Aside from the strict behavioral guidelines preached in schools, young people have few places to direct their sex-related inquiries. Although sex education is taught at universities and some private NGOs do exist, children are generally on their own during the crucial years of adolescence. Often, their mothers and fathers only perpetuate the dilemma, since even the most open-minded parents are prone to the influences of the closed, post-revolutionary atmosphere in which they came of age. "Our parents never had sex until they married, and their parents never even saw each other before their wedding," says Marjan, 29. "But we are using the Internet, watching Western movies and satellite TV, so we know that elsewhere things are different. When our parents are confronted with our needs, it's no surprise that there are many paradoxes, many differences in opinion."
For two years, Marjan led a double life in front of her family because she secretly lived with her boyfriend.

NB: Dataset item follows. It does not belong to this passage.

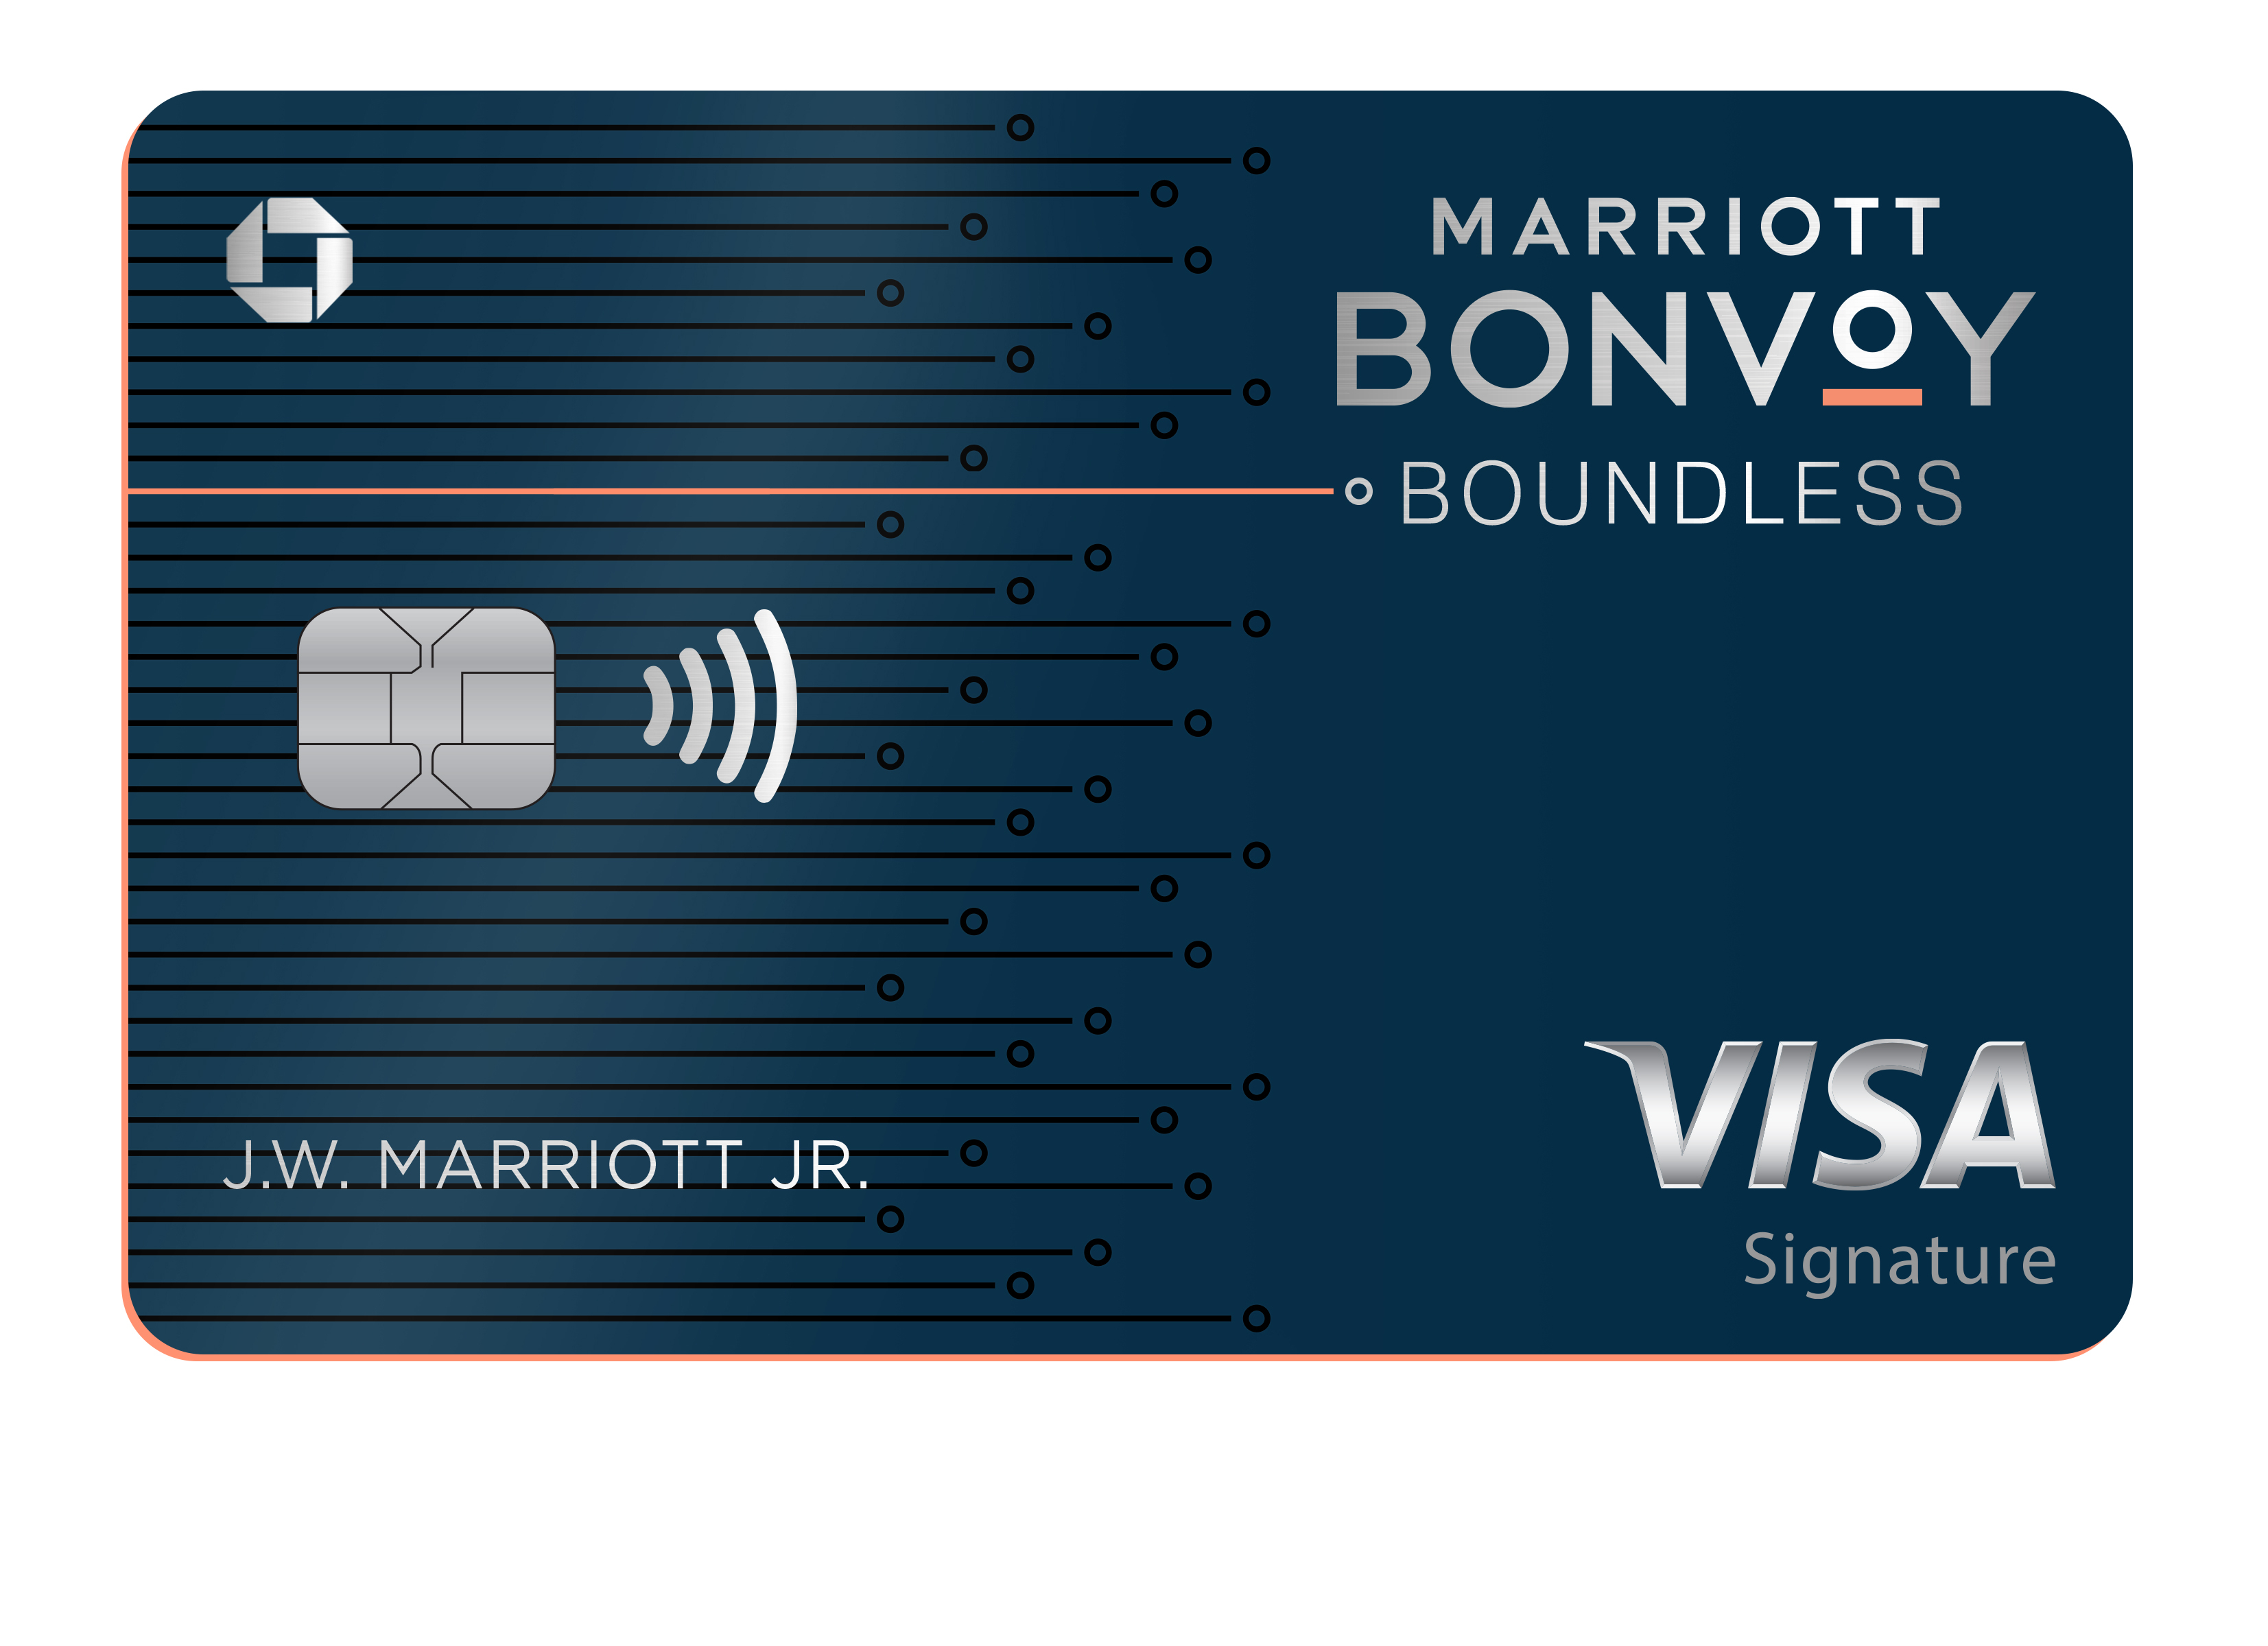 Chase and Marriott Bonvoy® Announce Enhanced Benefits to Marriott

When her mother, the manager of a female dormitory at a small university in Tehran, found out about the relationship, she helped Marjan hide the reality from her father. She advised Marjan to introduce the boy as a mere college classmate, and covered for her when she skipped family engagements to spend time with him. "I think I told my father a thousand lies in that time," Marjan recalls. "He is fairly open-minded, but he would never accept that his unmarried daughter was living under one roof with a boy."

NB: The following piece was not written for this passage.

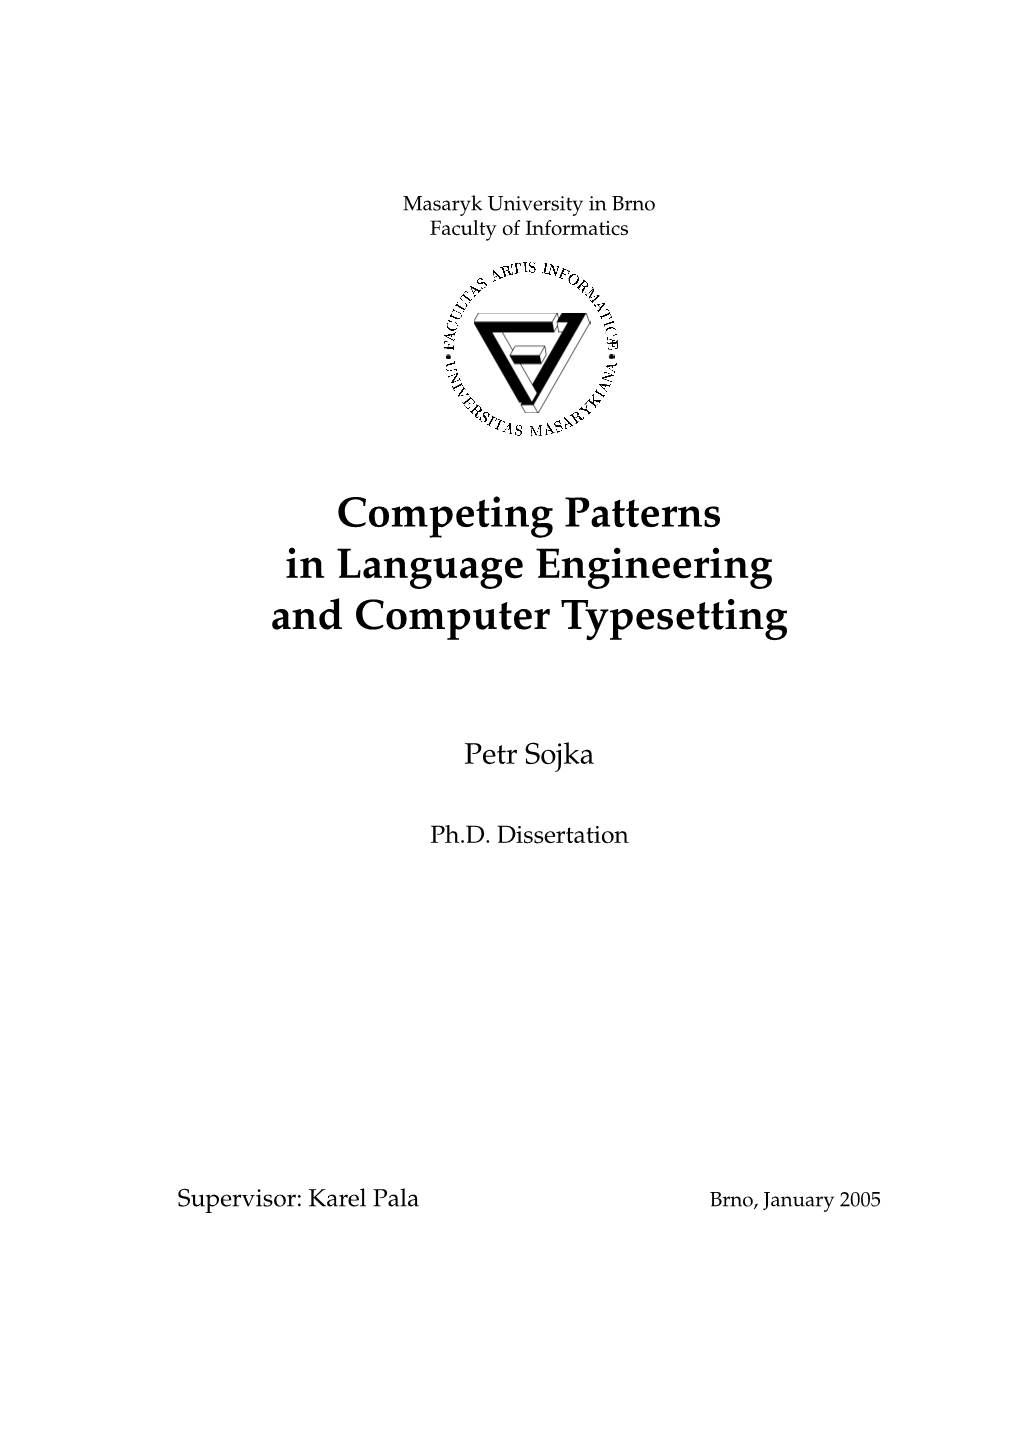 Competing Patterns in Language Engineering and Computer Typesetting

The clash between modern sexuality and traditional values is especially vexing for young women, conditioned from childhood to protect their virginity until marriage. While promiscuity among of-age boys is often shrugged off or even celebrated, unmarried girls who are sexually active are severely ostracized and in some cases exposed to violence at the hands of their male family members. "When you want to marry, it's very difficult to find a man who will accept that you are not a virgin," says Marjan. "Maybe one man in a thousand is intellectual enough to cope with this."
But the pressure to remain a virgin does little to prevent girls from becoming sexually active. Swayed by the brazen behavior and revealing clothes they see on satellite television, many young women have a pragmatic definition of virginity. "Except for classic sex, in a dark room they will do just about anything else," Reza observes.
Caught between the guilt of breaking from traditional values and the pressures of trying to look like an extra in a Los Angeles-produced pop video, young Iranian girls have little chance to develop a healthy self-image. "Because girls have to lie so much, they lose respect for themselves," says Reza. "A girl only learns that her body should be used, and that boys are willing to expend a lot to have it."
The perverse affects of this dual culture also take their toll on young men. When Behzad's father failed to answer the young man's questions about sex, Behzad satisfied his curiosity through Internet pornography. Now, more than 15 years and an estimated 300-strong porno film collection later, he remains unmarried and girlfriend-less, his sexuality damaged by the unrealistic pictures in his mind.
When Behzad confides these feelings to Reza, the latter puts his arm around his live-in girlfriend's shoulders. "The problem here is that people normally don't have the atmosphere to experience sex as a kind of natural act," he says. "Sex is a kind of complex for you, something you need to solve. You never learned about it in a natural way, so it's hard to find a floor to put your feet on."